Naturalist and University Professor

Iraklis Mitsopoulos (Ηρακλής Μητσόπουλος; 1816–1892) was an author, biologist, archaeologist, physicist, zoologist, paleontologist, mineralogist, geologist, and professor. He is considered the father of modern natural sciences in Greece. He taught classes for over forty-seven years of his life. His nephew world renowned Greek geologist Konstantinos M. Mitsopoulos became the first student to receive a doctorate degree in the natural sciences at the University of Athens. His son Maximos Mitsopoulos also became a geologist. Hercules co-founded the Museum of Physical Geography in Athens, Greece, and directed its Zoological Department. He was the founder and lifelong President of the Zoological Department at the Museum of Paleontology, Geology, Zoology, and Botany (Παλαιοντολογικό, Γεωλογικό, Ζωολογικό και Βοτανικό Μουσείο). The museum is part of the University of Athens. He built the framework of modern Greek natural scientific education.

He was born in Patras. He was given a scholarship by Ioannis Kapodistrias to study in Germany. He attended the Ludwig-Maximilians-Universität München during the 1830s. Afterward, he studied at the Friedrich Wilhelm University of Berlin from 1838 to 1844. Hercules returned to Greece and taught physics, logic, psychology, physical geography, zoology, paleontology, mineralogy, and geology for over forty-seven years. Hercules served as Dean of the School of Philosophy which was part of the University of Athens four times. He was also the president of the University of Athens during the academic year 1864–1865. He participated in the paleontological excavations at Pikermi, and in 1866, along with Greek chemist Anastasios Christomanos, researched the volcanic eruption of the Santorini caldera.
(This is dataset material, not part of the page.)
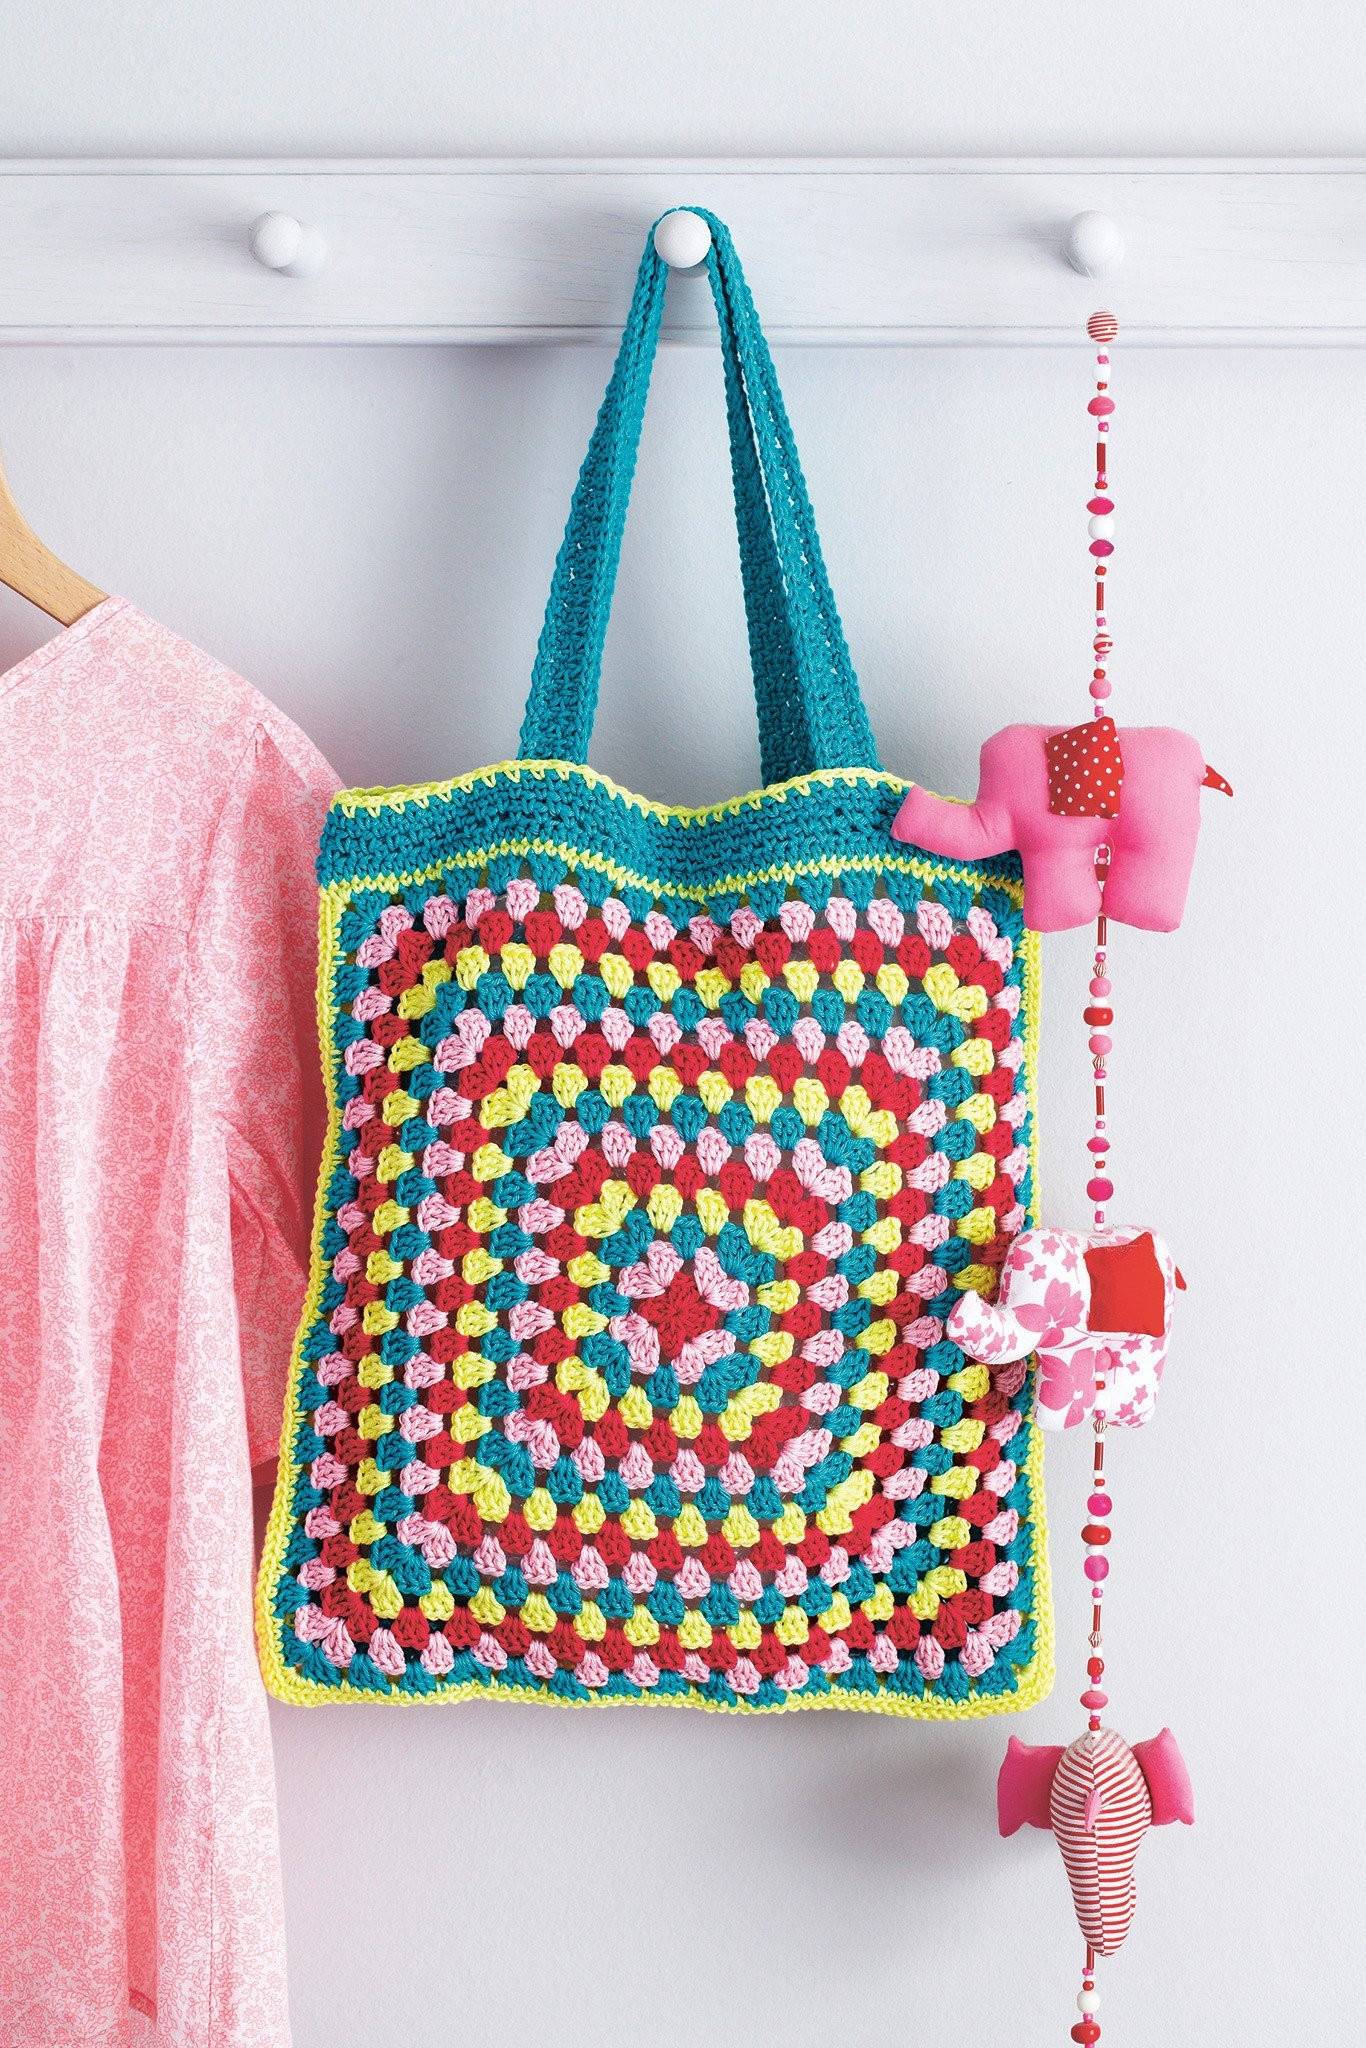 Granny Square Bag Crochet Pattern The Knitting Network

Mitsopoulos wrote articles on the natural sciences. He died in 1892 in Athens, Greece.

== Biography ==
Iraklis Mitsopoulos was born in Patras in 1816. His father's name was Anastasios, descended from the Rizou family of Epirus. Iraklis received his early education on the island of Aegina. With a scholarship awarded by Ioannis Kapodistrias, he started attending the Ludwig-Maximilians-Universität München from 1834 to 1837. Hercules graduated with a philosophy degree, which at the time encompassed the natural sciences. Chemistry, biology, physics, mathematics, zoology, botany, geology, and mineralogy were part of the field of study. Friedrich Wilhelm Joseph Schelling was one of his teachers. Iraklis continued his education at the University of Berlin from 1838 to 1844, when he returned to Greece.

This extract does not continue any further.